_Exercise data:_
● ● ● ●

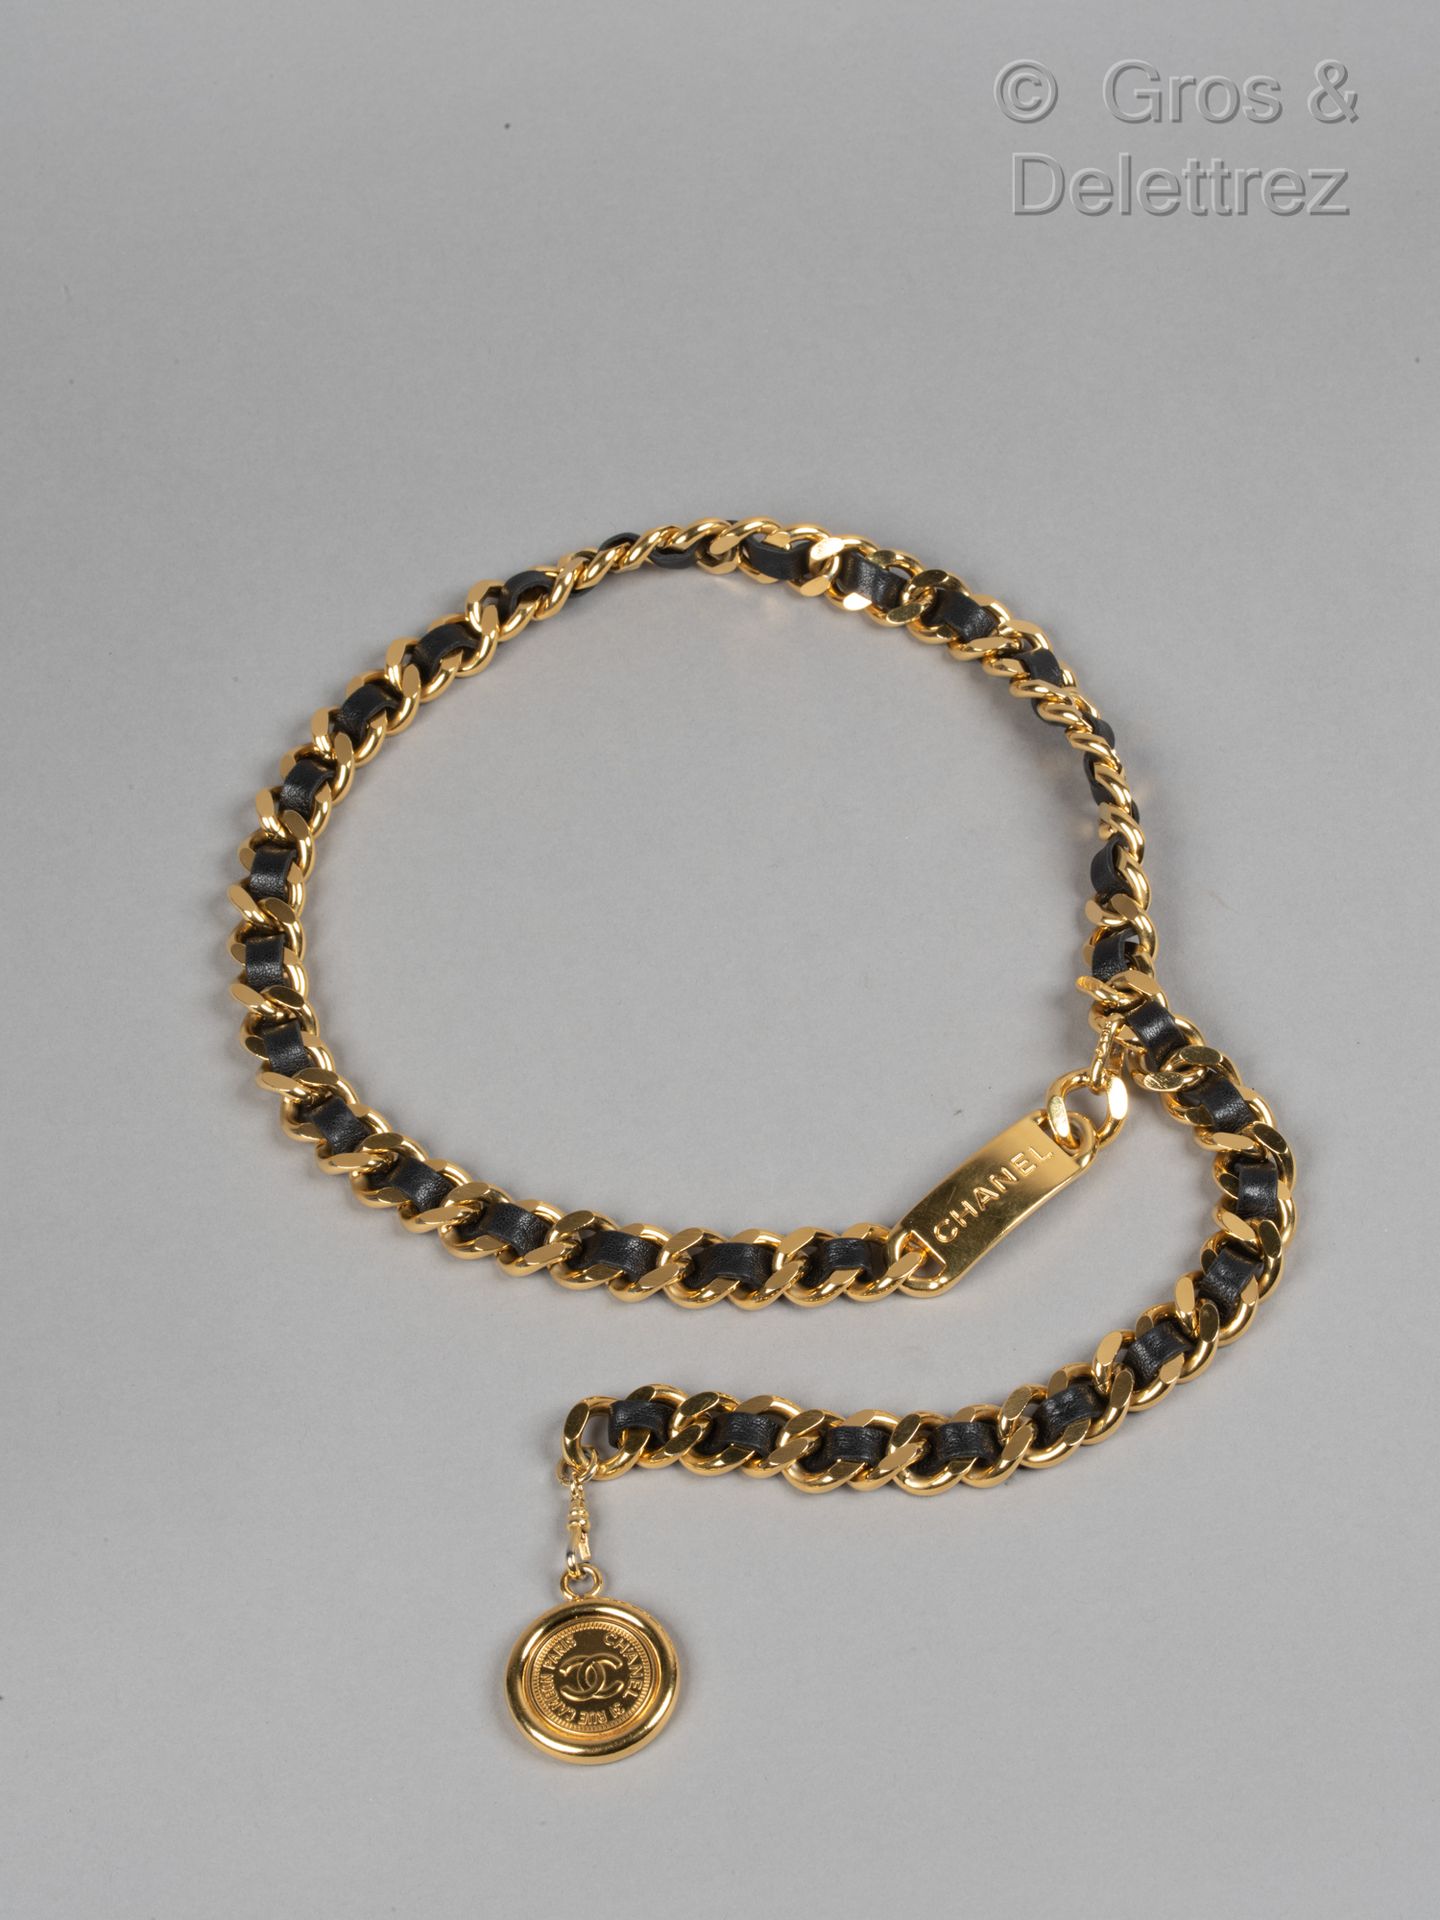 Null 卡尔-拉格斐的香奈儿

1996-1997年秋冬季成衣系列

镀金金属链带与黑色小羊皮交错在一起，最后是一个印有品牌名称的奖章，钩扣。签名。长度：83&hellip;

● ● ● ●

_Exercise requirements:_
Where a picture appears, omit it, and otherwise retype the material exactly.

_Finished task:_
 Null 卡尔-拉格斐的香奈儿

1996-1997年秋冬季成衣系列

镀金金属链带与黑色小羊皮交错在一起，最后是一个印有品牌名称的奖章，钩扣。签名。长度：83&hellip;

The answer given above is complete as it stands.